Discussion and Conclusion
Many assume they need a lot of data to build a model or make a prediction, that more is always better. In here, one can see models trained with a sample size of 400 performed better than a model trained with a sample size of 8,143. Combining the sizes of both training set and testing set, 800, is still smaller than the sample size used in the research paper.
One may state that even with the assigning some dates to training and others to testing I got good result. Unfortunately, the accuracy depends on the right combination. While the best combinations resulted in accuracy equal to DFF, others where significantly below it as 87.24%. Furthermore, one has to train using all combination to figure out the best combination; not a problem with just 5 days but what if one has 10 days or 20 days?
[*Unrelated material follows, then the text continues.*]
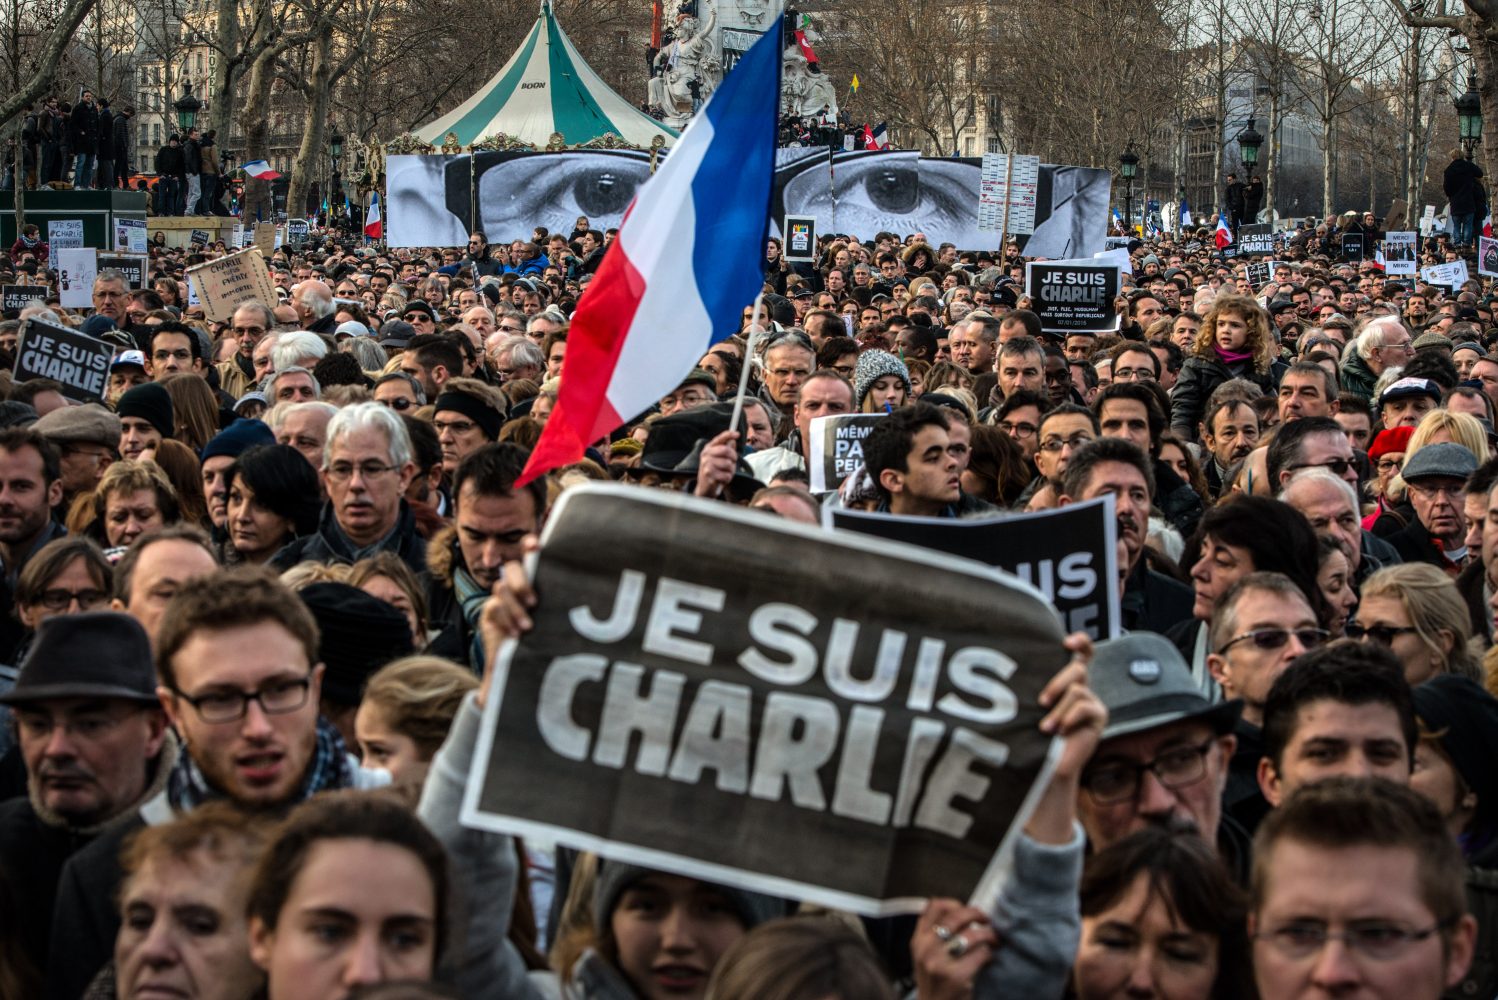 PARIS, FRANCE - JANUARY 11:  Demonstrators make their way along Place de la Republique during a mass unity rally following the recent terrorist attacks on January 11, 2015 in Paris, France. An estimated one million people have converged in central Paris for the Unity March joining in solidarity with the 17 victims of this weeks terrorist attacks in the country. French President Francois Hollande led the march and was joined by world leaders in a sign of unity. The terrorist atrocities started on Wednesday with the attack on the French satirical magazine Charlie Hebdo, killing 12, and ended on Friday with sieges at a printing company in Dammartin en Goele and a Kosher supermarket in Paris with four hostages and three suspects being killed. A fourth suspect, Hayat Boumeddiene, 26, escaped and is wanted in connection with the murder of a policewoman.  (Photo by David Ramos/Getty Images) ORG XMIT: 531669519 ORIG FILE ID: 461341606

The performance of the models is directly related to understanding the problem and the data at hand. While it appeared the dataset had unbalanced classes, the unbalance could be considered inconsequential. While the researchers kept timestamps to the minute, time was inconsequential. Pre-analysis of the data also helped detect unnecessary variable like humidity ratio. In short, understanding the dataset will help speed up model building, but most importantly improve model prediction with little work.
Note: The code is written in Mathematica. I upload it to Github in the next few days.